PROBLEM DETAILS: Below is a listing with pictures in it. Copy it exactly without them.

SUPPLIED INFORMATION:

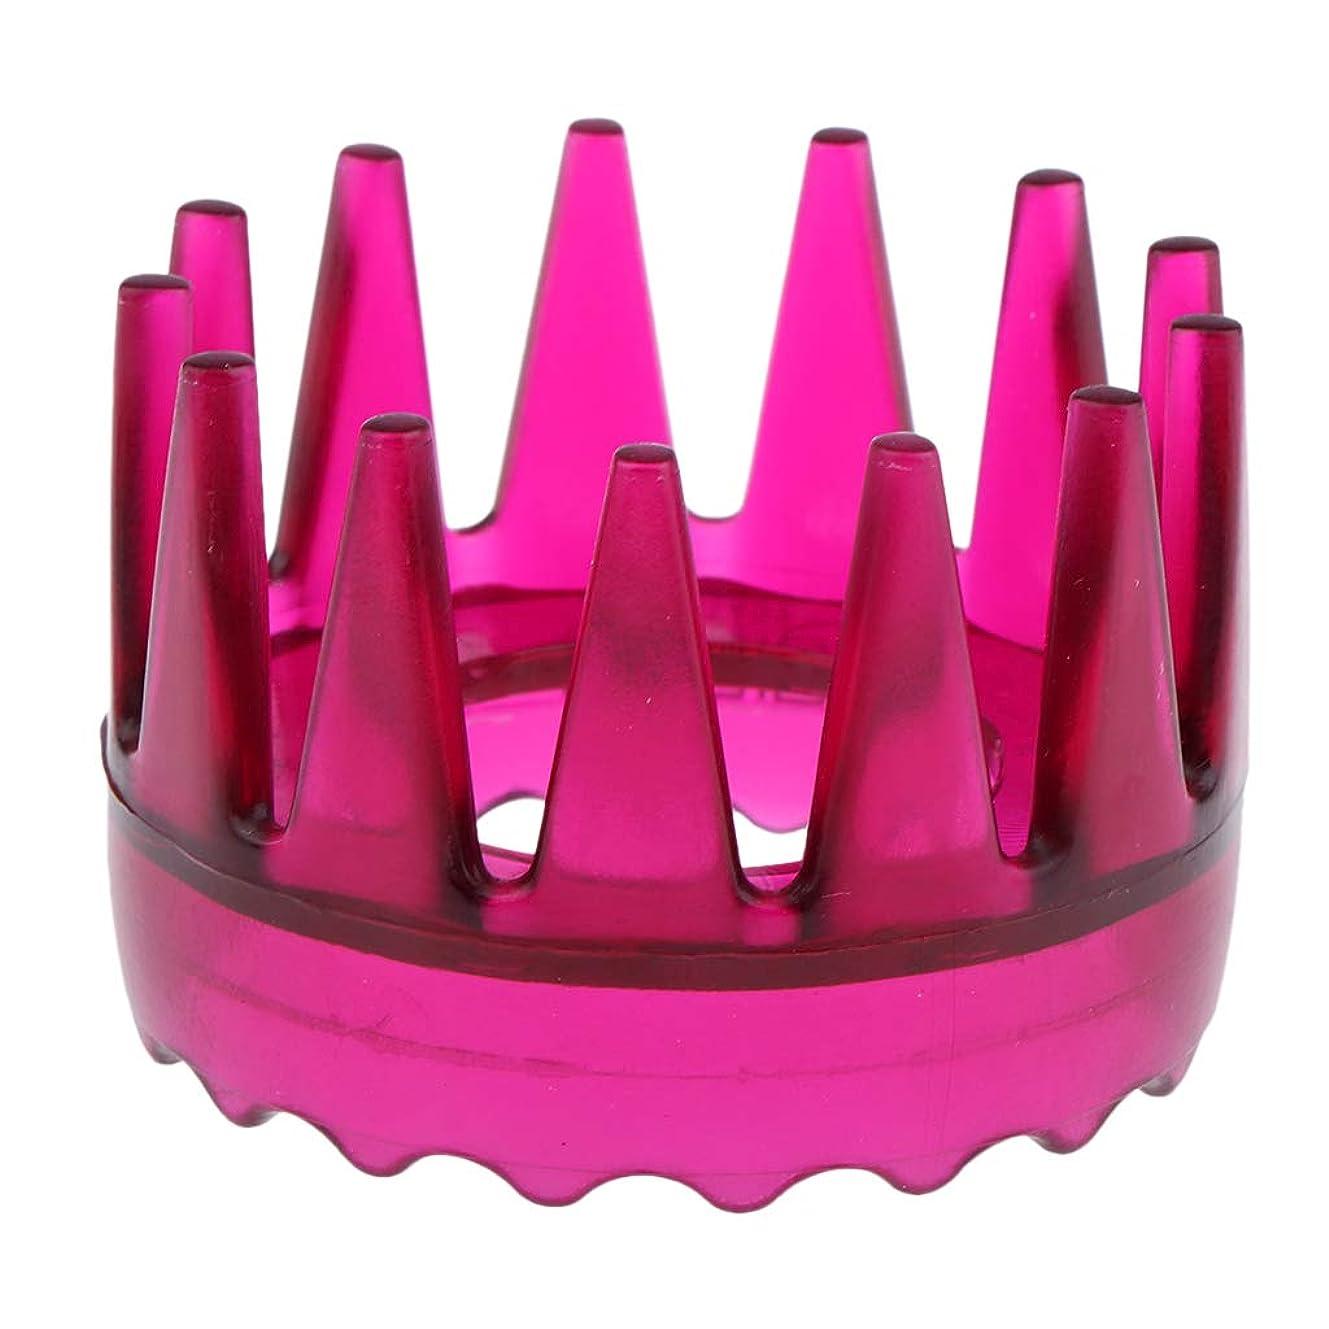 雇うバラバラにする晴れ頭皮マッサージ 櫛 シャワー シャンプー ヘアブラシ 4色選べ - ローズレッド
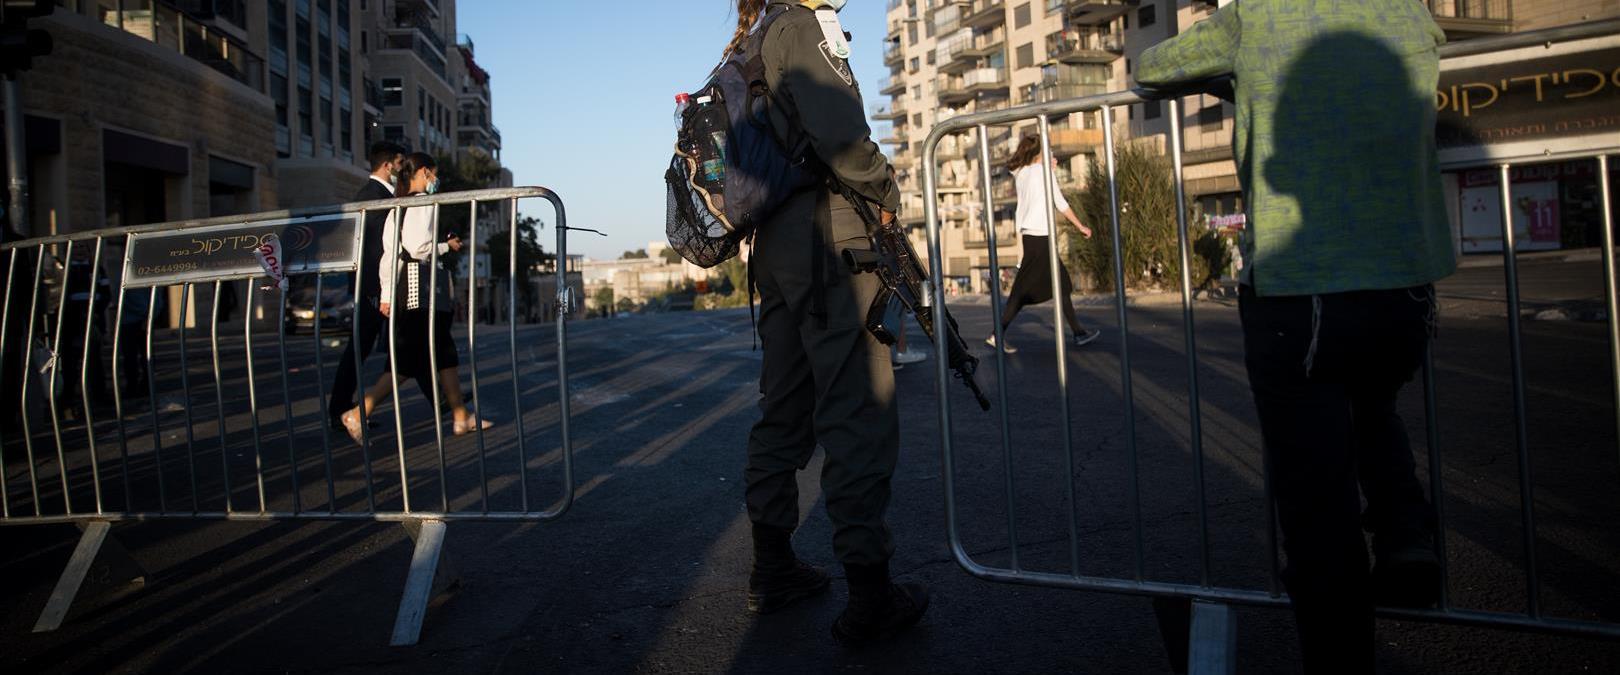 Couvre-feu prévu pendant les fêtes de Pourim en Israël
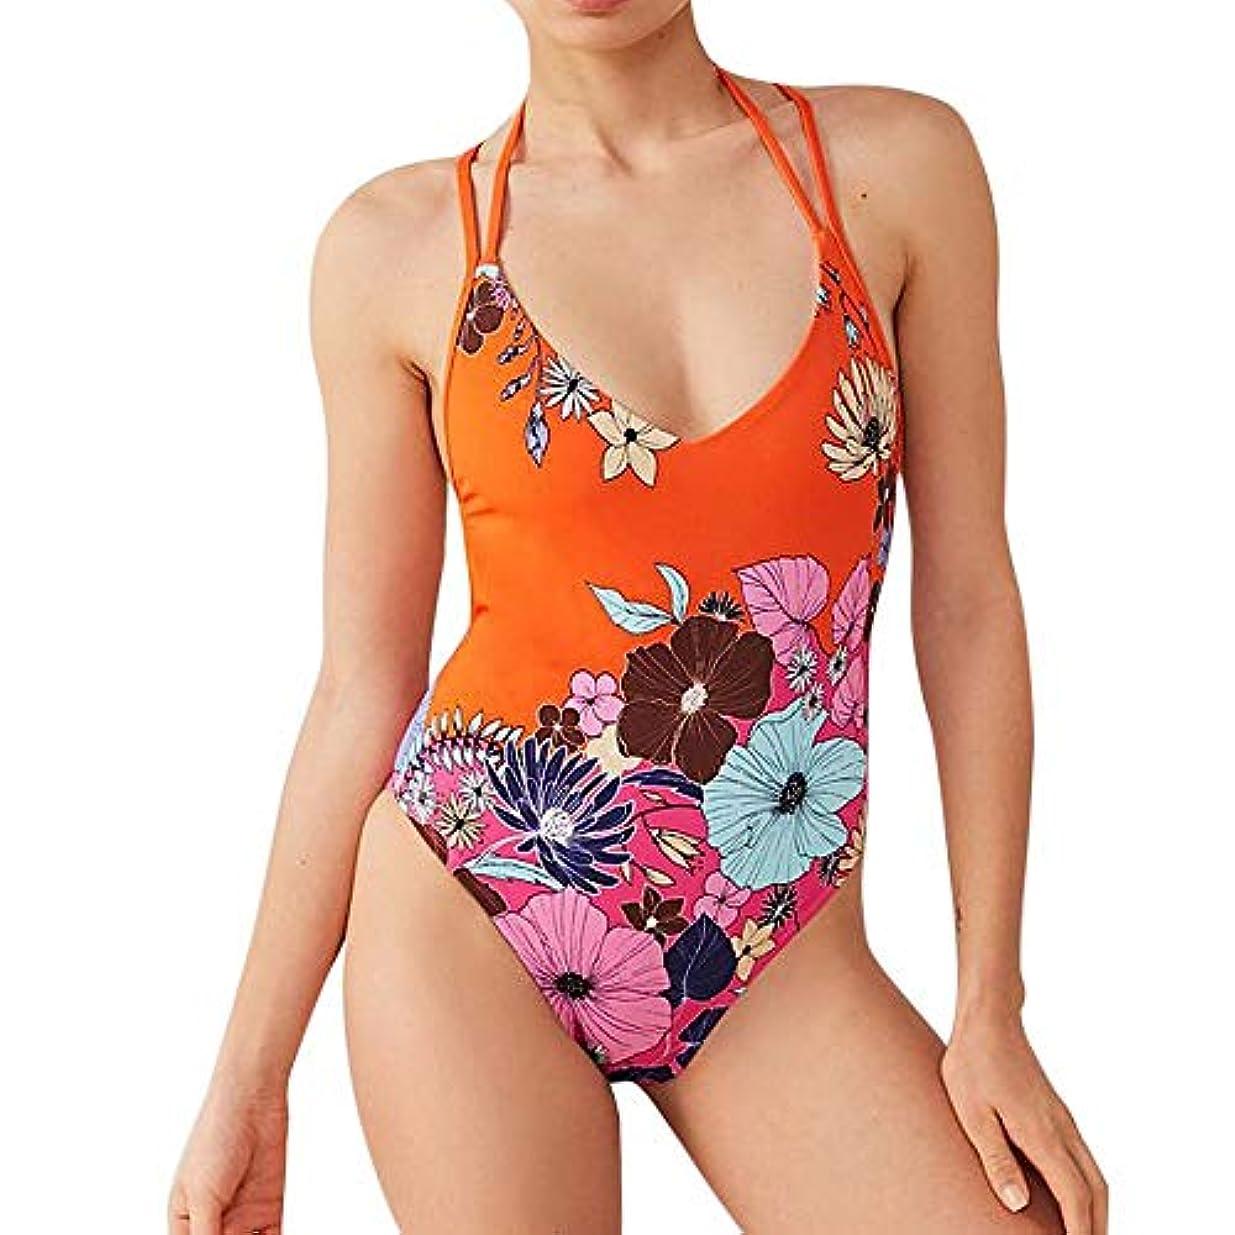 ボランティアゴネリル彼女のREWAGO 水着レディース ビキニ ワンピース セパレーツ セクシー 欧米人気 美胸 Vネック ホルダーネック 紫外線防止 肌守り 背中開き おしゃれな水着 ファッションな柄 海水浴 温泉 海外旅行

RESULT OF THE TASK:
 雇うバラバラにする晴れ頭皮マッサージ 櫛 シャワー シャンプー ヘアブラシ 4色選べ - ローズレッド
 Couvre-feu prévu pendant les fêtes de Pourim en Israël
 ボランティアゴネリル彼女のREWAGO 水着レディース ビキニ ワンピース セパレーツ セクシー 欧米人気 美胸 Vネック ホルダーネック 紫外線防止 肌守り 背中開き おしゃれな水着 ファッションな柄 海水浴 温泉 海外旅行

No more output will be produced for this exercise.